Reply to  Brandon Gates
April 14, 2015 3:09 pm

I’m not stupid, David, and I’m getting weary of you dancing around the meaning you’re obviously hinting at.
You’re getting weary?:
o I asked you a simple question
o You claimed I hadn’t asked one (while quoting it!)
o You then claimed you didn’t know what it was in reference to
o I then demonstrated that you knew very well what it was in reference to
o You now claim you’re getting weary of me dancing around the point you think I am making
My question hasn’t changed, your excuses are BS, and I’m done with this thread because the one weary of all the dancing is me.

Brandon Gates
Reply to  Brandon Gates
April 14, 2015 5:06 pm

davidmhoffer,

My question hasn’t changed, your excuses are BS, and I’m done with this thread because the one weary of all the dancing is me.
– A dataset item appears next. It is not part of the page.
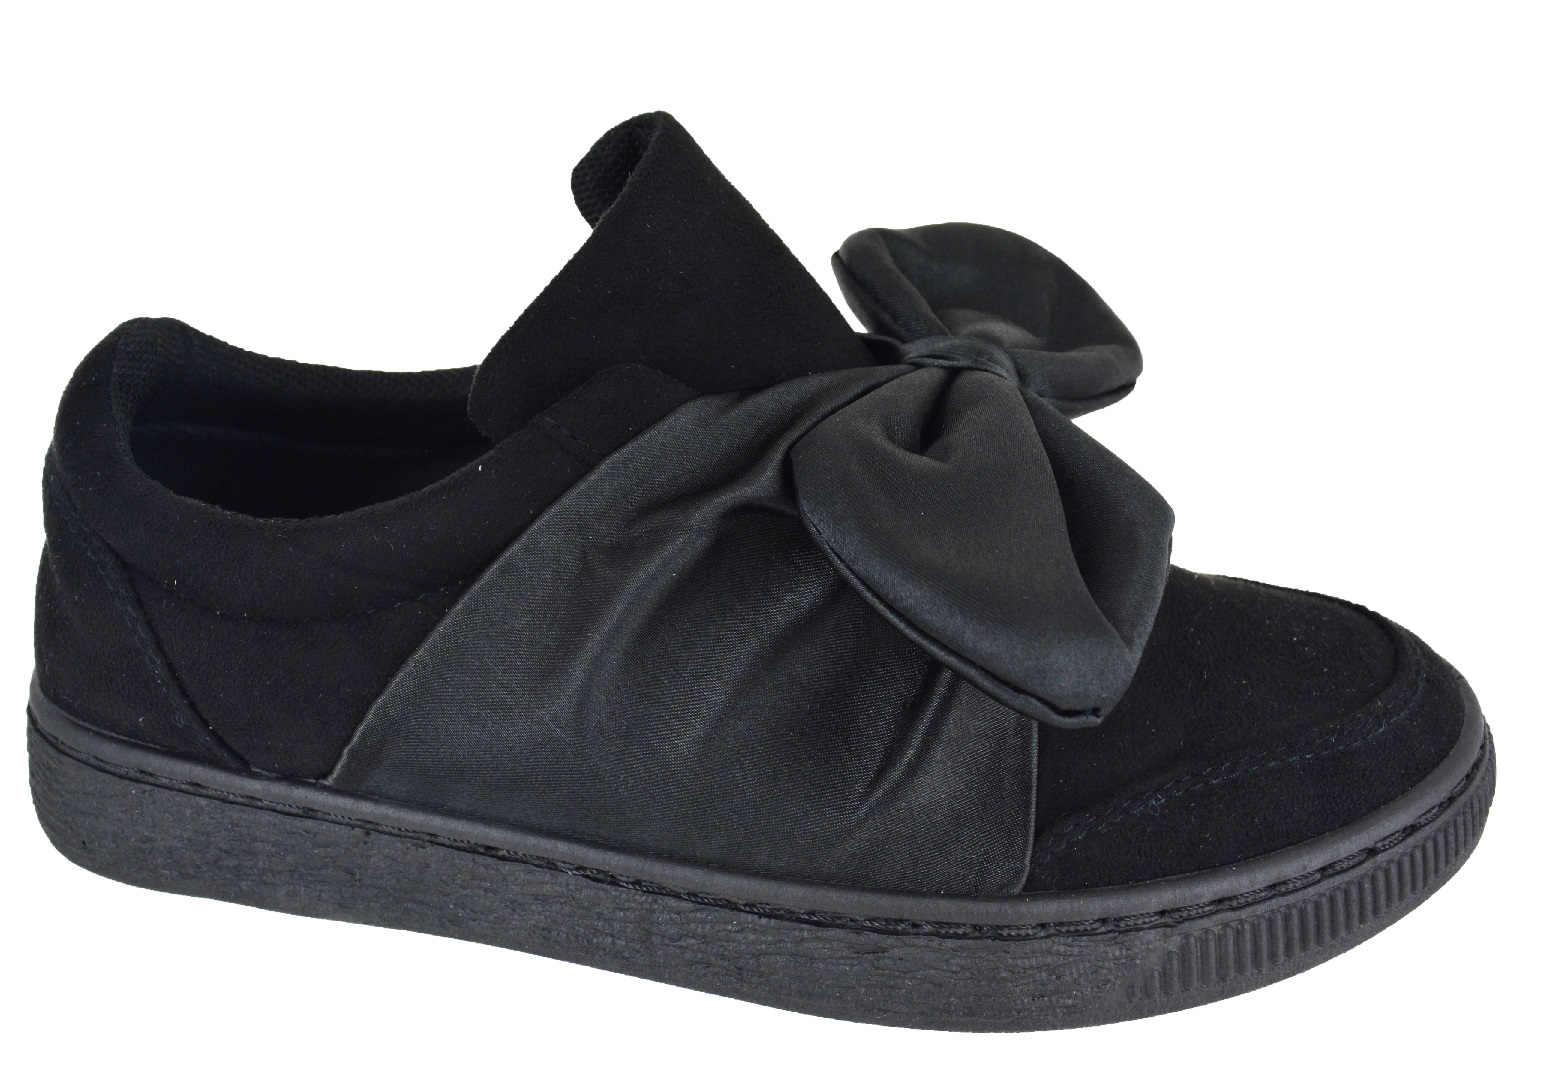 Ebay Designer Shoes Size

I answered your question, what, two posts ago?: Of course two dozen in a row missed predictions doesn’t inspire confidence, but a yes/no answer to your “question” is one I cannot answer and not be wrong.
Now are you really talking about earthquake predictions, or something else. This is not the first time I have asked you that.

April 13, 2015 7:09 pm

“Fossil Fueled Tornado”
————
Apatosaurus-nado!

MarkW
April 13, 2015 9:11 pm

Like most leftists, they truly believe that the “truth” is whatever advances their agenda.

johann wundersamer
April 14, 2015 12:42 am

Ralph Nader: unsave at any speed.
A big gain for the corvette, Americas automotive industrie – and retaining sober reaction.
the IPCC’s supercomputers too are unsave at any speed.
Where’s IPCC’s Nader, where the sober reaction?
( Nader argued polemically, confirmed. Freedom of speech. )
Hans

Just an engineer
Reply to  johann wundersamer
April 14, 2015 8:02 am

It was the “Corvair” that was Nader’s target, not the “Corvette”, huge difference.

sophocles
April 14, 2015 2:28 am

was that a pull-start, kick-start, or an electric-start tornado?

Brad C
April 21, 2015 12:30 pm

Here is my question…. what if this tornado [ http://en.wikipedia.org/wiki/Tri-State_Tornado ], which occurred 90 years ago, struck today? Any bets it would be linked to AGW faster the winds it produces. Tornadoes happen, and they have been happening since well before recorded history.